In the worst case there are no phrases in clause, but this is uncommon: there should be a phrase without augmenting quotation marks (phrase1 type) or with them (phrase2 type).

So the phrases are Natural Language sentences (with all the punctuation possible)...

BUT:

  • the internal content is irrelevant (i.e. I do not need to parse the Natural Language itself in the NLP meaning)
  • it is just required to mark it as a phrase1 or phrase2 types:
    • those without and with quotation marks, i.e., if the phrase, which is placed between ( and ; or ; and ; or ; and ) or even between ( and ) is augmented with quotation marks, then it is phrase2 type
    • otherwise, if the phrase either begins or ends without quotation marks, though it could have all the marks within the phrase, it is the phrase1 type

Since to write a Regex (PCRE) for such an input is an overkill, so I looked to the parsing approach (EBNF or similar). I ended up with a PEG.js parser generator. I created a basic grammar variants (even not handling the part with the different phrases in the clause):

start = term _ "abbr" _ "-" .+
term = word (_? word !(_ "abbr" _ "-"))+
word = letters:letter+ {return letters.join("")}
letter = [A-Za-z]
_ "whitespace"
  = [ \t\n\r]*

or (the difference is only in " abbr -" and "_ "abbr" _ "-"" ):

start = term " abbr -" .+
term = word (_? word !(" abbr -"))+
word = letters:letter+ {return letters.join("")}
letter = [A-Za-z]
_ "whitespace"
  = [ \t\n\r]*

But even this simple grammar cannot parse the beginning of the string. The errors are:

  • Parse Error Expected [A-Za-z] but " " found.
  • Parse Error Expected "abbr" but "-" found.
  • etc.

So it looks the problem is in the ambiguity: "abbr" is consumed withing the term as a word token. Although I defined the rule !(" abbr -"), which I thought has a meaning, that the next word token will be only consumed, if the next substring is not of " abbr -" kind.
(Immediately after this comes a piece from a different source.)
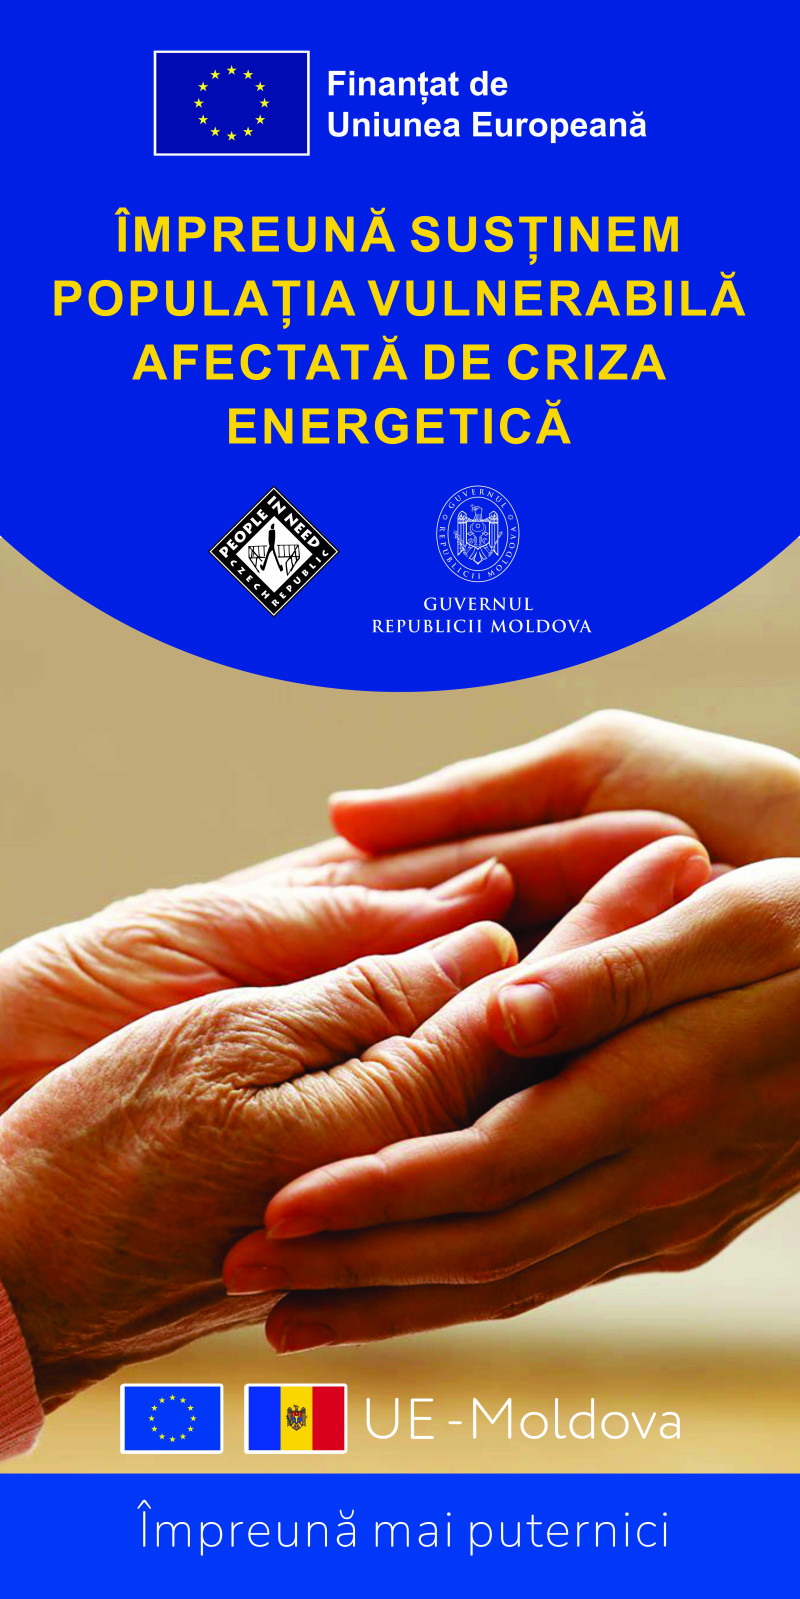 Supporting together the vulnerable population affected by the energy crisis

I didn't found any good examples explaining the following expressions of PEG.js, which seems to me as a possible solution of the aforementioned problem [from: http://pegjs.majda.cz/documentation]:

  • & expression
  • ! expression
  • $ expression
  • & { predicate }
  • ! { predicate }

TL;DR:

related to PEG.js:

  • are there any examples of applying the rules:

    • & expression
    • ! expression
    • $ expression
    • & { predicate }
    • ! { predicate }

general question:

  • what is the possible approach to handle such complex strings with intuitive ambiguous grammars? This is still not a Natural Language and it looks like it has some formal structure, just with several optional parts. One of the ideas is to split the strings by preprocessing (with the help of Regular Expressions, in the places of fixed elements, i.e. "abbr -" ") This is the end of the line") and then create for each splited part a separate grammar. But it seems to have have performance issues and scalability problems (i.e. - what if the fixed elements will change a bit - e.g. there will be no - char anymore.)

Update1:

I found the rule which solves the problem with matching the "abbr -" ambiguity:

term = term:(word (!" abbr -" _? word))+ {return term.join("")}

but the result looks strange:

[
   "simple, ,word",
   " abbr -",
   [
      "8",
      ...
   ],
   ...
]

if removing the predicate: term = term:(word (!" abbr -" _? word))+:

[
   [
      "simple",
      [
         [
            undefined,
            [
               " "
            ],
            "word"
         ]
      ]
   ],
   " abbr -",
   [
      "8",
      ".",
      " ",
      "(",
      ...
   ],
   ...
]

I expected something like:

[
   [
      "simple word"
   ],
   " abbr -",
   [
      "8",
      ".",
      " ",
      "(",
      ...
   ],
   ...
]

or at least:

[
   [
      "simple",
      [
         " ",
         "word"
      ]
   ],
   " abbr -",
   [
      "8",
      ".",
      " ",
      "(",
      ...
   ],
   ...
]

The expression is grouped, so why is it separated in so many nesting levels and even undefined is included in the output? Are there any general rules to fold the result based on the expression in the rule?

Update2:

I created the grammar so that it parses as desired, though I didn't yet identified the clear process of such a grammar creation:

start
  = (term:term1 (" abbr -" number "." _ "("number:number") "{return number}) terms:terms2 ((" - (" phrases:phrases ")" .+){return phrases}))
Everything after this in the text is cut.